What the task requires:
Copy the listing exactly as given. Omit every picture.

Available data:

◇ ◇ ◇ ◇ ◇

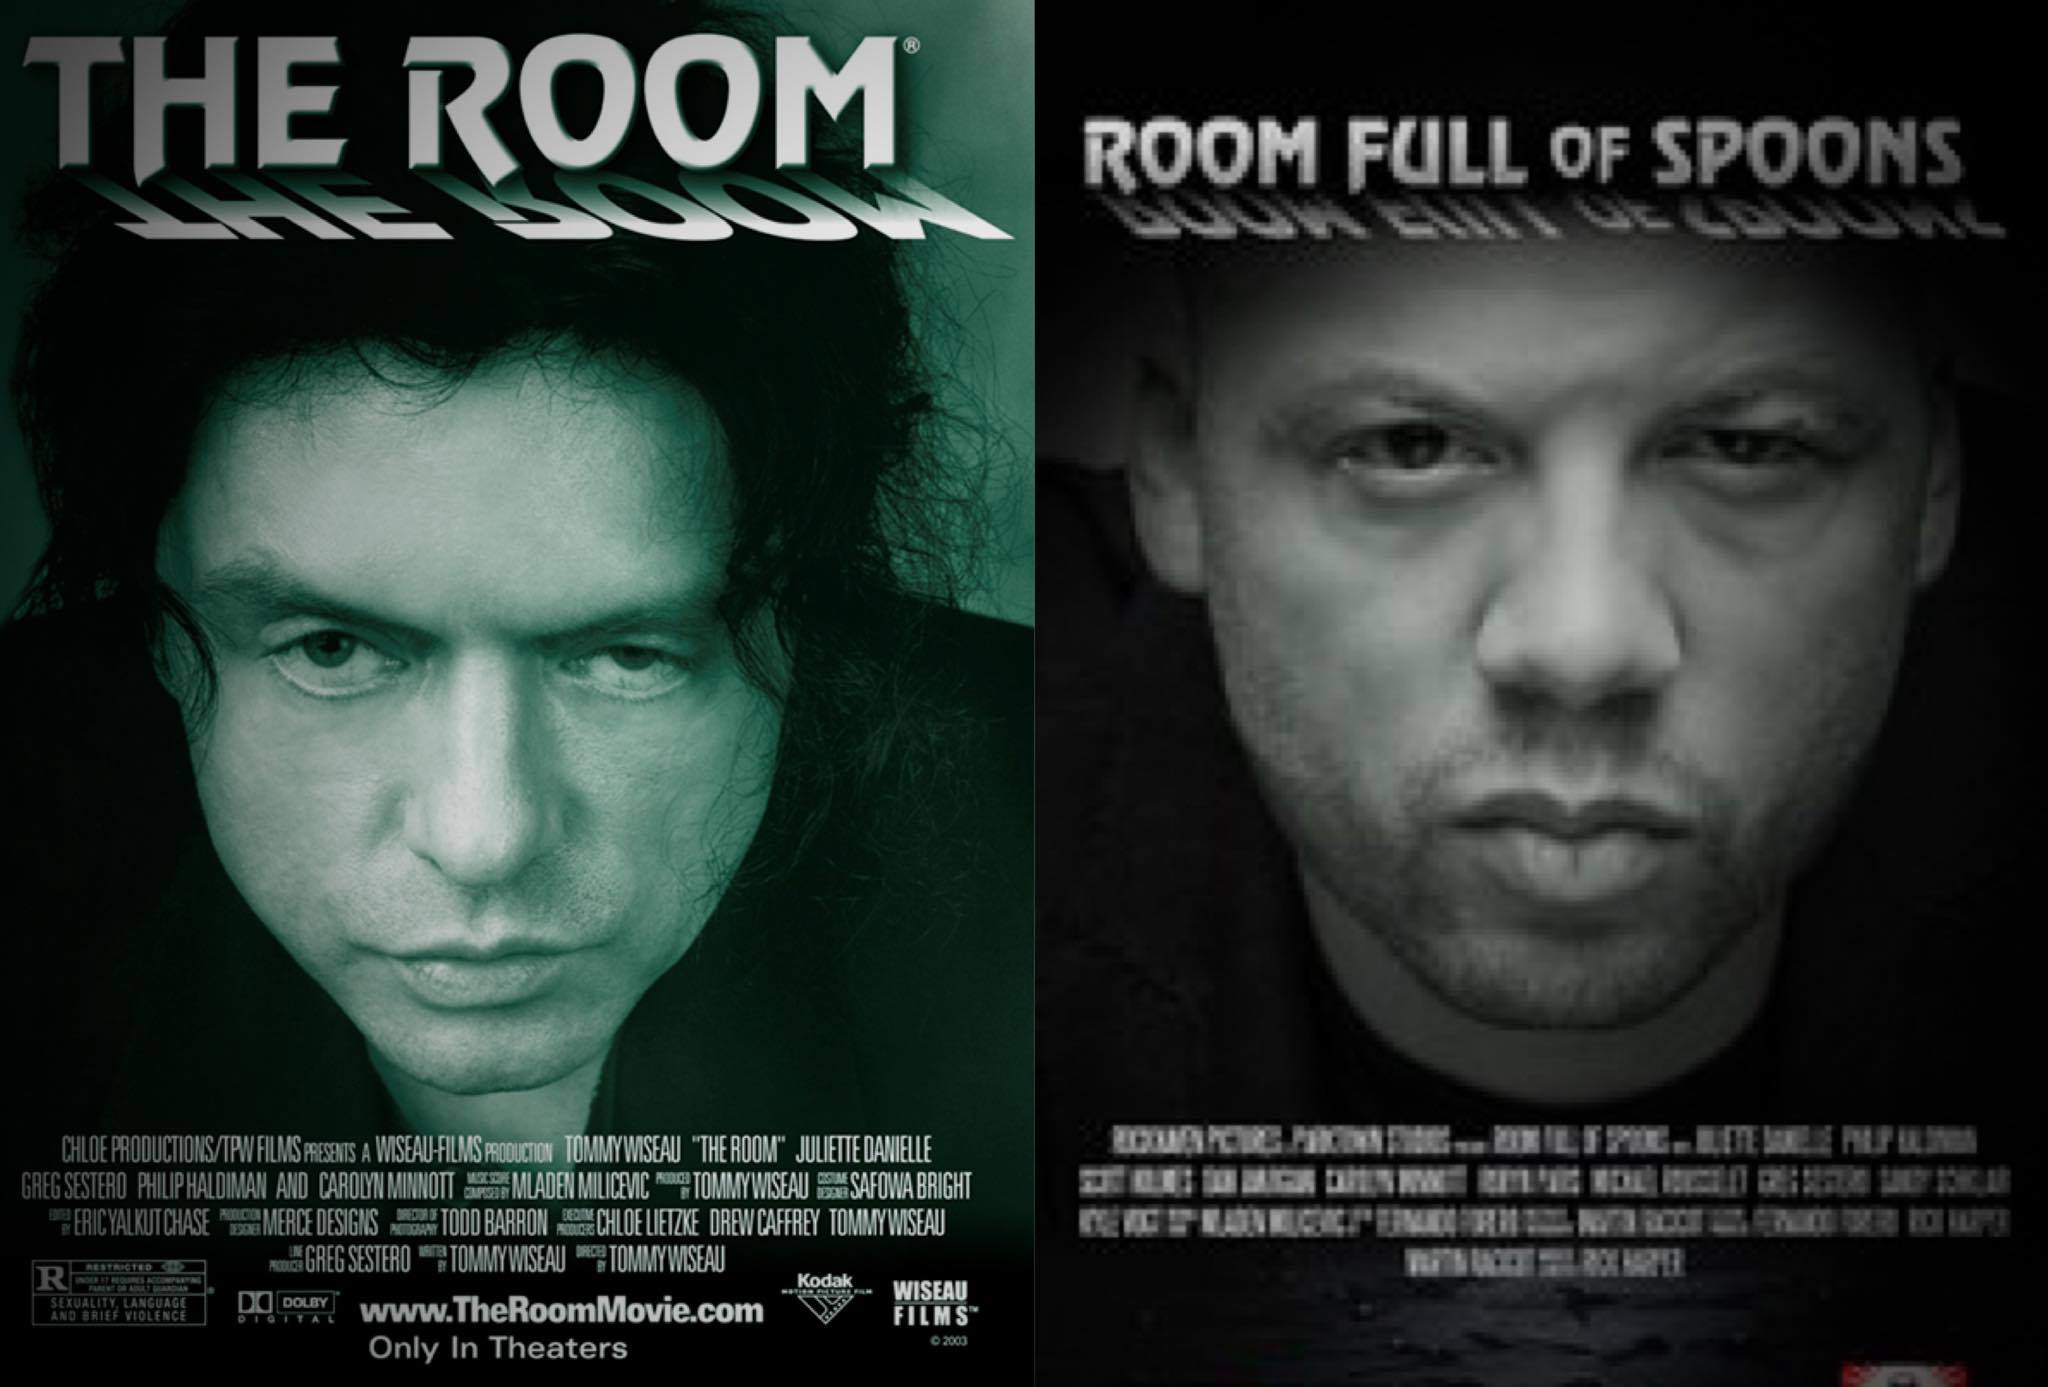 Exclusive: Details From Tommy Wiseau's 'The Room' Lawsuit Revealed
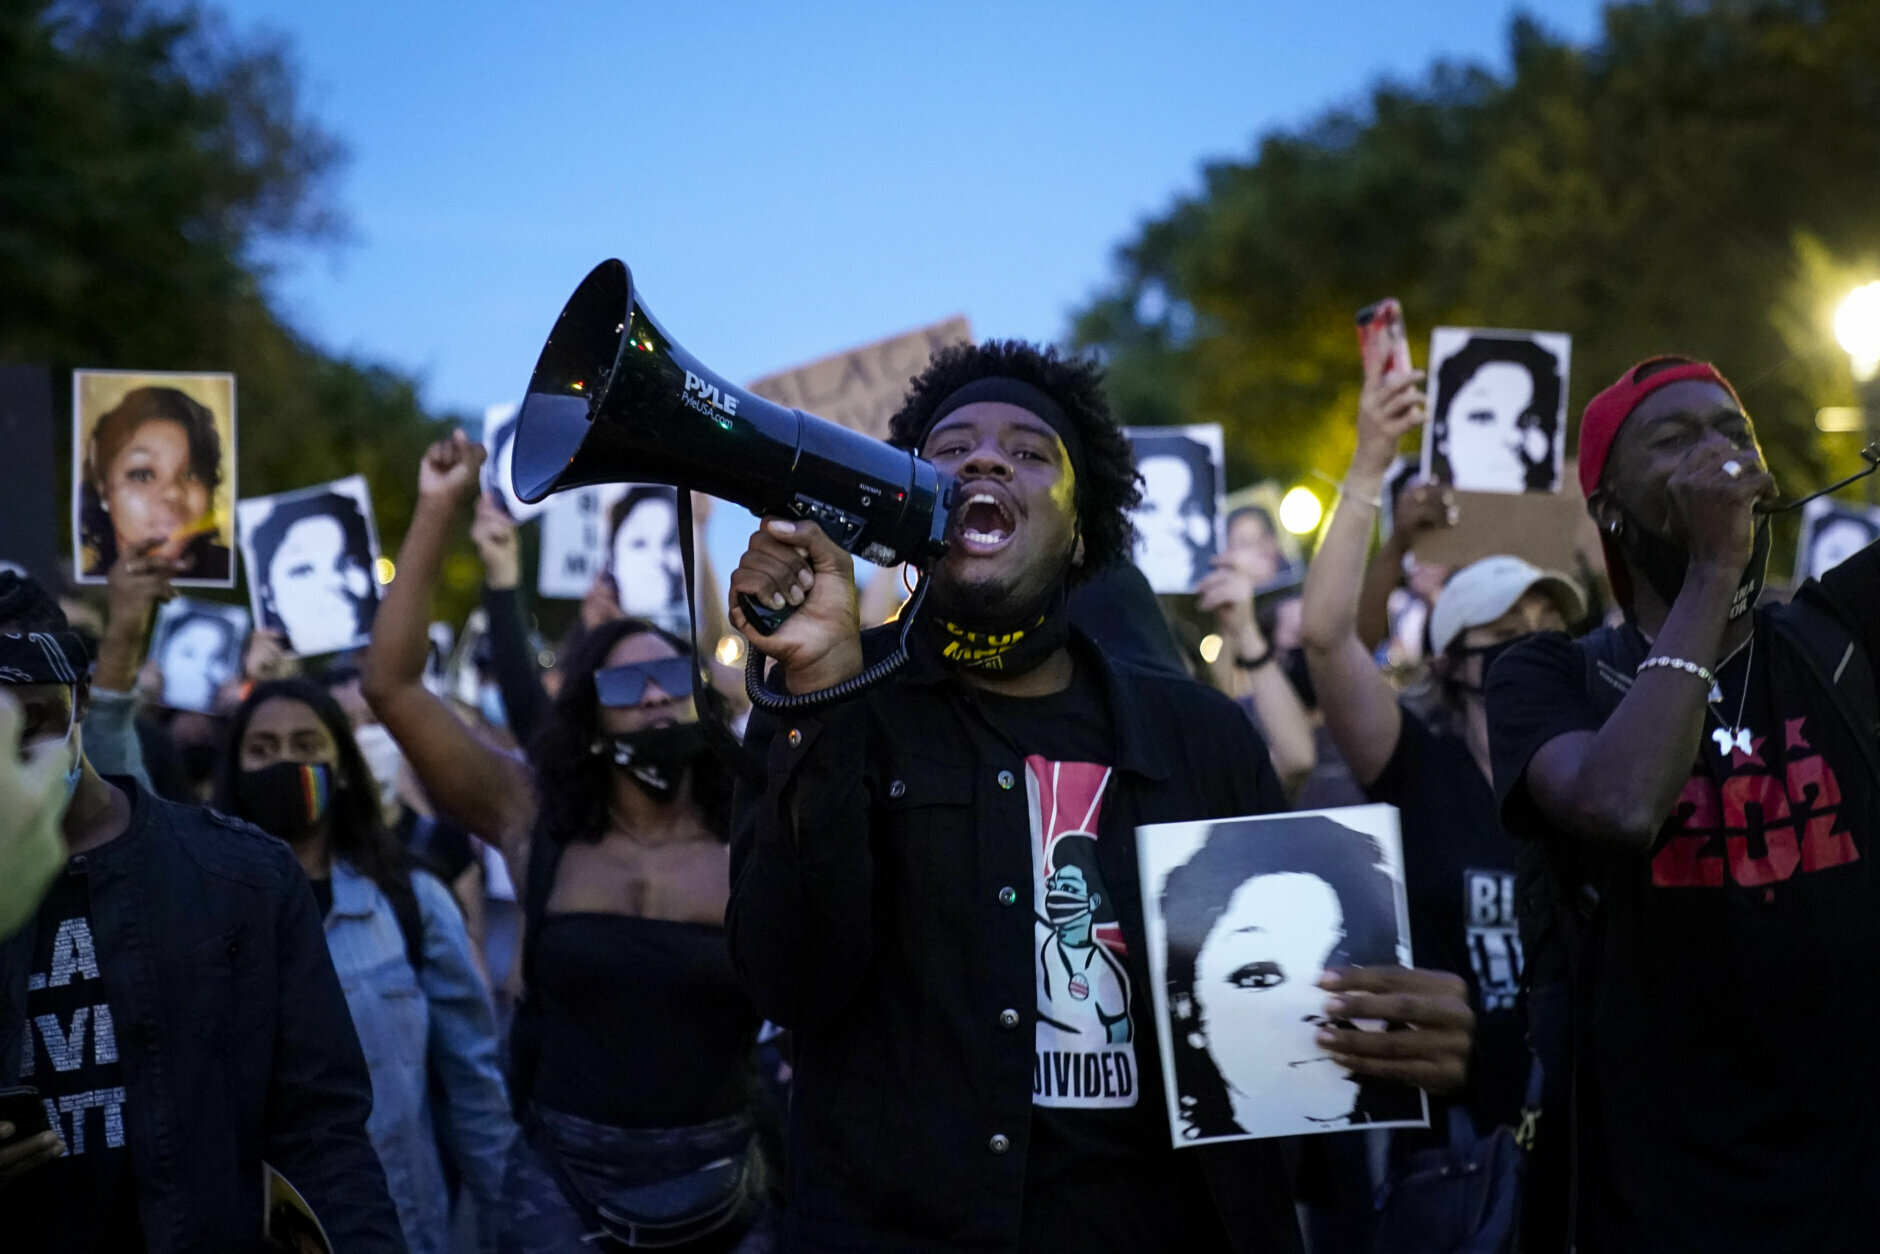 WASHINGTON, DC - SEPTEMBER 23: Demonstrators march along Constitution Avenue in protest following a Kentucky grand jury decision in the Breonna Taylor case on September 23, 2020 in Washington, DC. A Kentucky grand jury indicted one police officer involved in the shooting of Breonna Taylor with 3 counts of wanton endangerment. No officers were indicted on charges in connection to Taylor's death. (Photo by Drew Angerer/Getty Images)
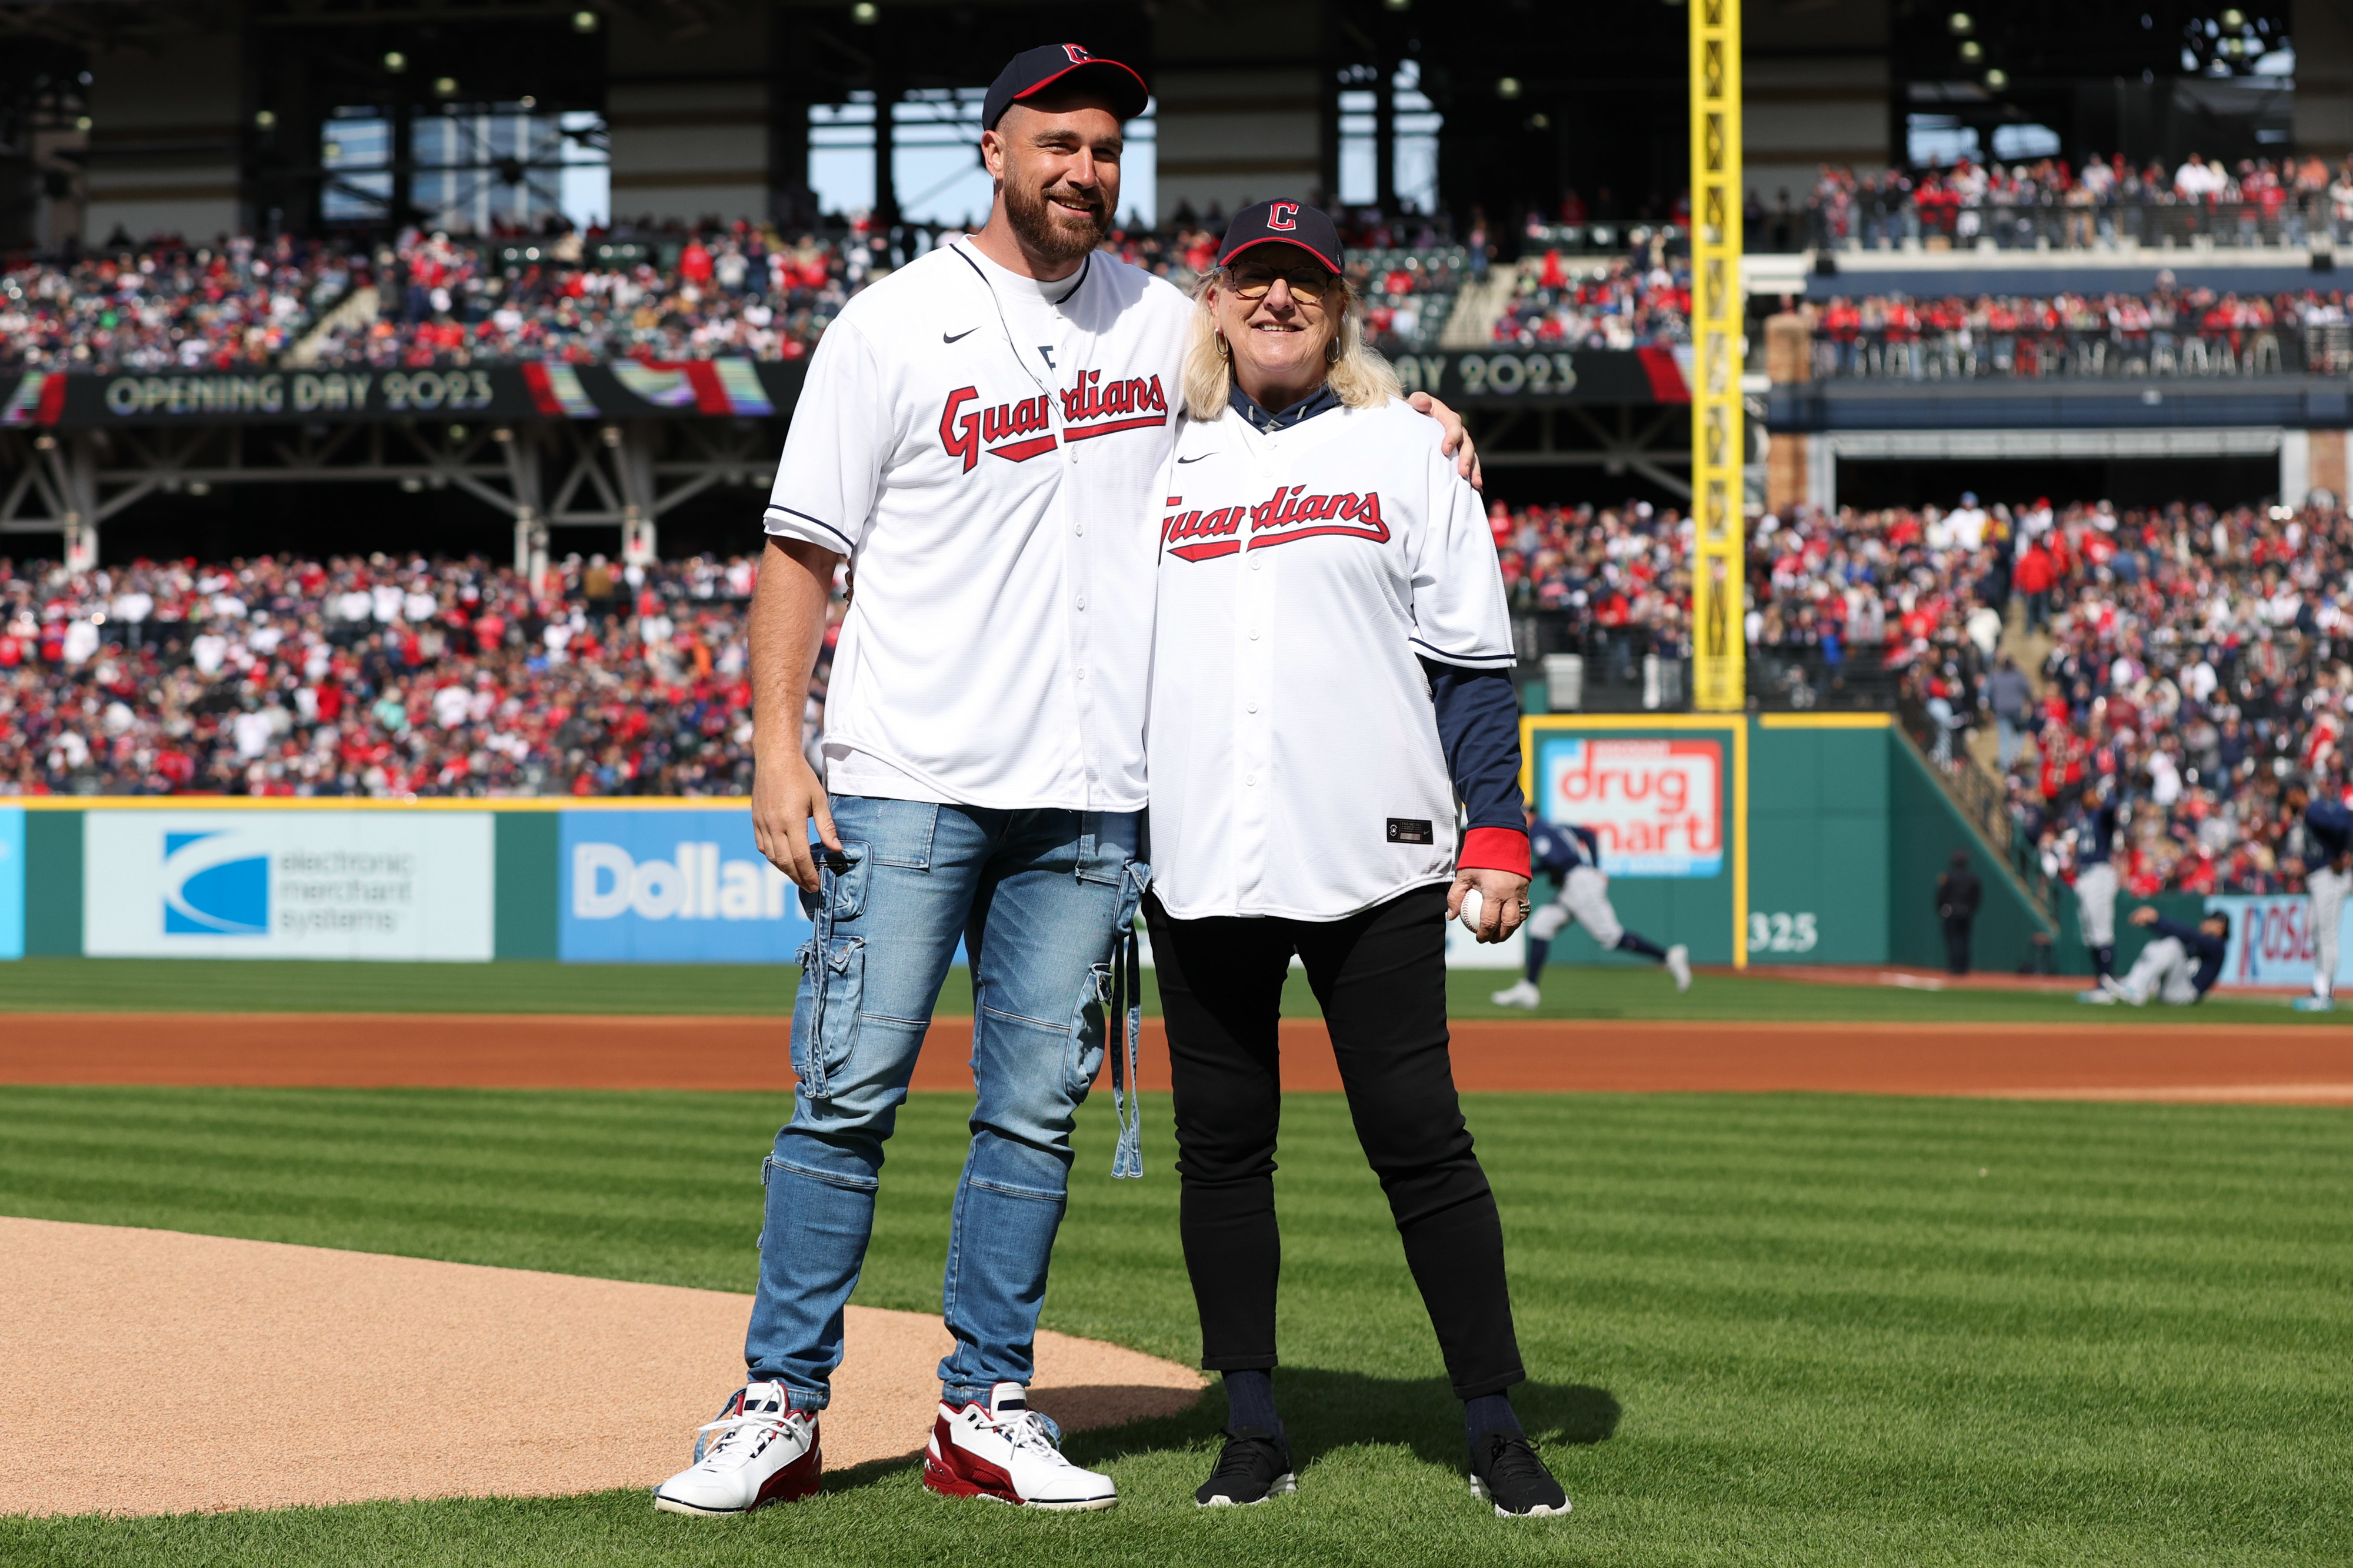 Travis and Donna Kelce on the field at a baseball game

◇ ◇ ◇ ◇ ◇

Task result:
 Exclusive: Details From Tommy Wiseau's 'The Room' Lawsuit Revealed
 WASHINGTON, DC - SEPTEMBER 23: Demonstrators march along Constitution Avenue in protest following a Kentucky grand jury decision in the Breonna Taylor case on September 23, 2020 in Washington, DC. A Kentucky grand jury indicted one police officer involved in the shooting of Breonna Taylor with 3 counts of wanton endangerment. No officers were indicted on charges in connection to Taylor's death. (Photo by Drew Angerer/Getty Images)
 Travis and Donna Kelce on the field at a baseball game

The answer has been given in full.